Adrian McCann, PhD: No relevant financial relationship(s) with ineligible companies to disclose.
Objectives: Short chain fatty acids (SCFAs) are a group of organic acids produced by the fermentation of dietary fiber by gut bacteria in the colon. SCFAs have important physiological roles including the regulation of immune function, inflammation and metabolism and are increasingly linked with chronic diseases such as inflammatory bowel disease, type 2 diabetes, obesity and colorectal cancer.
However, there are several challenges with measuring SCFAs in serum or plasma, including their rapid metabolism and interference from other metabolites, and there is a need to develop accurate and reliable methodology for research and diagnostic purposes. Herein, we describe the development and validation of an isotope-labeled gas chromatography-tandem mass spectrometry (GC-MS/MS) method with automated sample workup for the determination of 8 SFCAs in serum/plasma.
Methods: 50μL of serum/plasma was mixed with acetonitrile, benzyl alcohol, pyridine, and methylchloroformate, derivatized and extracted by addition of hexane. The resulting hexane layer was used for GC-MS/MS analysis of formate, acetate, propionate, isobutyrate, butyrate, α-methylbutyrate, isovalerate and valerate.

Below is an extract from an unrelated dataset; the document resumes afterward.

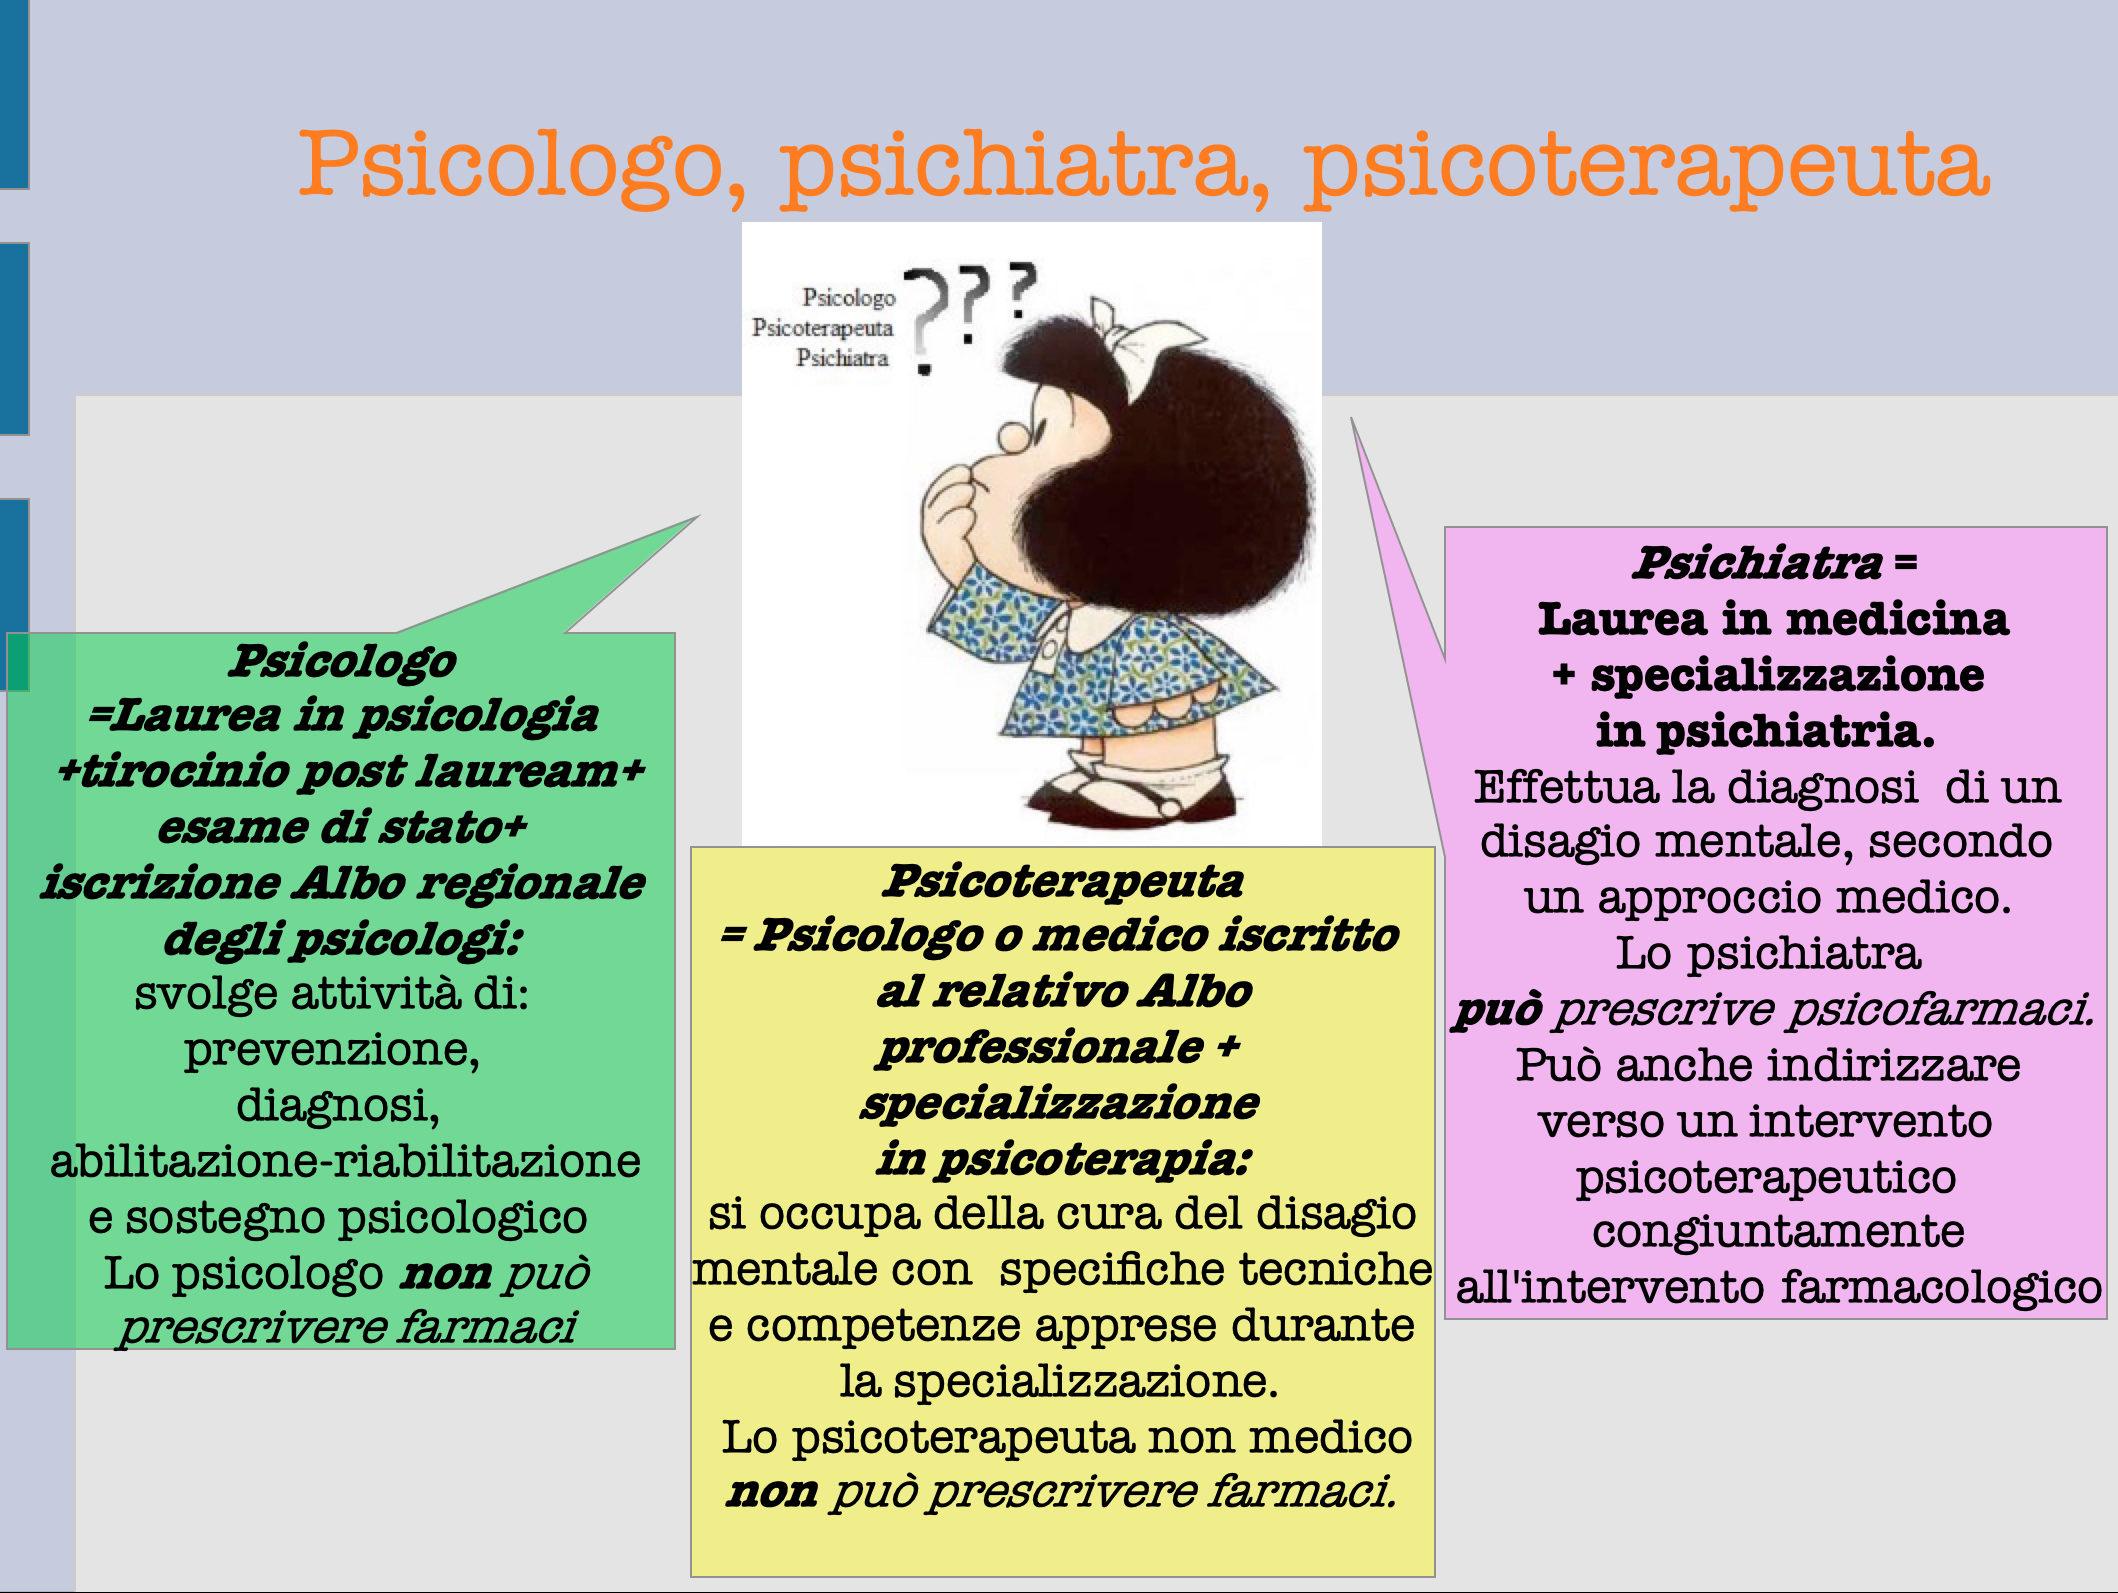 psicoterapeuta prescrive farmaci

Results: Chromatographic run time was 8 min. The limit of detection for the lowest concentration SCFAs (α-methylbutyrate, isovalerate, and valerate) were 0.05, 0.02 and 0.05 umol/L, respectively, while all other SCFAs demonstrated sensitivity substantially lower than endogenous concentrations. Recoveries ranged from 82-110% and within- and between-day coefficient of variance were 3.3-9.3% and 2.3-5.9%, respectively.
Conclusions: This low-volume, high-throughput assay is currently in use in our laboratory, and can be used for intervention and epidemiological studies investigating SCFAs and the microbiome in relation to health and disease outcomes.